New York and Connecticut theater reviews and news

New York City Theater

"The Oldest Boy"
Mitzi E. Newhouse Theater

"The Real Thing"
American Airlines Theater

The reality of love in all its forms, its vagueness and inability to be codified, runs through two new productions. Peculiarly, the revival of Tom Stoppard’s 1982 “The Real Thing” is a good play gone sour in the hands of director Sam Gold, while Sarah Ruhl’s latest, “The Oldest Boy,” is a middling work given a smashing production by director Rebecca Taichman.

In Ruhl’s drama, Celia Keenan-Bolger plays the mother of three-year-old Tenzin. Two visiting Buddhists – a monk and a lama -- inform her that her son is a reincarnated Buddhist teacher, a lama who died when the boy was born. They offer to send him to a monastery to prepare him for his sacred role in this life on his long journey towards nirvana.

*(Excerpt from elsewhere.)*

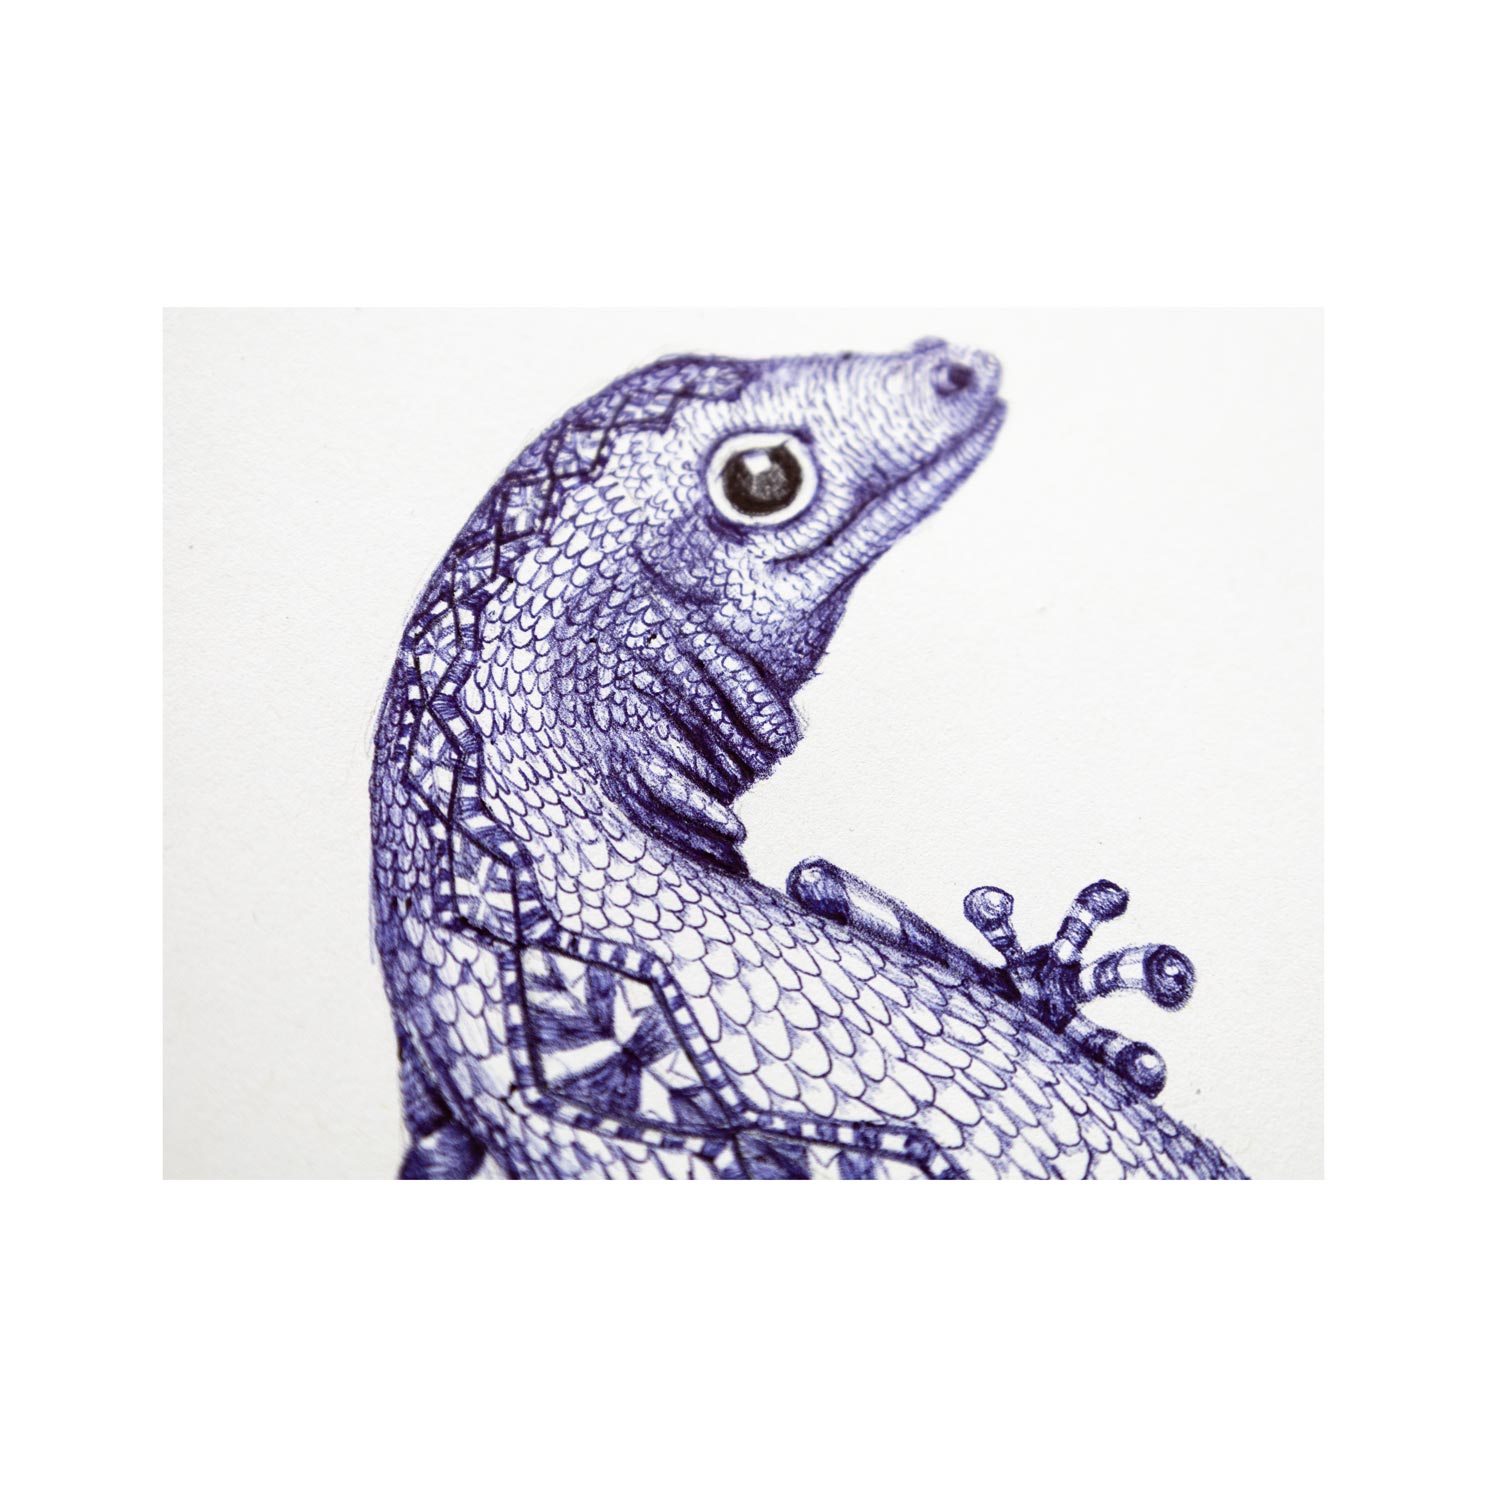 Kullitiere, Gecko, Illustration, Zeichnung, detail, Salamander, Reptil, Kugelschreiber, blau, Schuppen, Muster, Tier, Auge, Falten

Should she, can she, give up her beloved son to this noble cause? And, despite being married to a Tibetan Buddhist, albeit one who has renounced his faith, can she accept what one of the monks says: “Your consciousness comes with you when you die.” Tenzin’s essence, they say, belongs to others; thus he is her son in the physical sense only.

Although she studies and understands Buddhism, the mother (she has no name) also believes that early closeness of child and parent will make for the offspring’s well-developed, happy future. Yet, she is told by the clerics, “attachment is not love.”

Of course, Ruhl is talking about various definitions of love, from maternal to eternal. Which will win out – the personal or the worldly? Skeptical abut Tenzin’s sanctity, the mother is astounded when tests reveal the boy’s uncanny ability to choose objects associated with the dead teacher.

With its references to the story of Jesus and the sacrificing Mary, as well as the medieval drama “Everyman,” Ruhl’s play is moving in a personal sense, yet somehow seems shallow. She doesn’t examine the often deleterious effect of organized religion on individuals, preferring to concentrate on the sentimental.

Still, the play stays with you and the production’s technical aspects overcome resistance. Against ritualistic movement and dances by chorographer Burnet O’Hanlon, “The Oldest Boy” is lovely to behold. Via Mimi Lien’s minimalist set, Jophy Weideman painterly lighting and, especially, Anita Yavich’s exquisite costumes, we are transported to an exotic world.

And it is acted with burning sensitivity by Celia Keenan-Bolger as the mother and Ernest Abuba as the voice of the boy (portrayed by a flexible puppet). Under Taichman’s direction, the evening is lovely and moving.

Stoppard’s “The Real Thing” should be moving, also, but isn’t. After all, it’s often touted as this intellectual playwright’s most emotional work. Also one of his most successful (this is its third trip to Broadway), it’s a disquisition on the difference between art and reality, told through a tale of adultery and suspicion.

Henry, a rock ‘n’ roll buff (the cast sings pop excerpts between scenes), is married to actress Charlotte yet having an affair with another actress, Annie. (“To marry one actress is unfortunate,” says Henry in a Wildean epigram, “to marry two is simply asking for it.”) A well-regarded playwright, Henry becomes blocked when forced to face the meaning of love and infidelity.

Whether these are affairs of the heart or merely another “situation,” to be used in Henry’s catalogue of characters, is one of the play’s questions. When his “real” life begins to mirror his artistic one, trouble brews, especially when he can not distinguish one from the other.

These are not shallow characters but fully-fleshed human beings with layers of feelings. That they’re in the theater, where art can be controlled, only points up how difficult it is for them to deal with messy reality. Only when Henry is faced with love in both its harshness and honesty can he free himself and find himself.

As Henry, Ewan McGregor is particularly notable, both charming and troubled. Maggie Gyllenhaal makes a strong Broadway debut as the forthright Annie, while Josh Hamilton reveals how Max’s bravura hides his insecurities. As Charlotte, Cynthia Nixon can let her features literally drip away, creating a character torn between the devil-may-care and self-destructive brittleness.

Director Gold’s production is linear; even the set changes from one location to another are indicated mainly by re-arranging the furniture. It’s all terribly artificial, as artificial as the jokes that fly like intellectual brickbats from the mouths of these brainy people. What’s missing is the realization that humor is a cover-up for pain.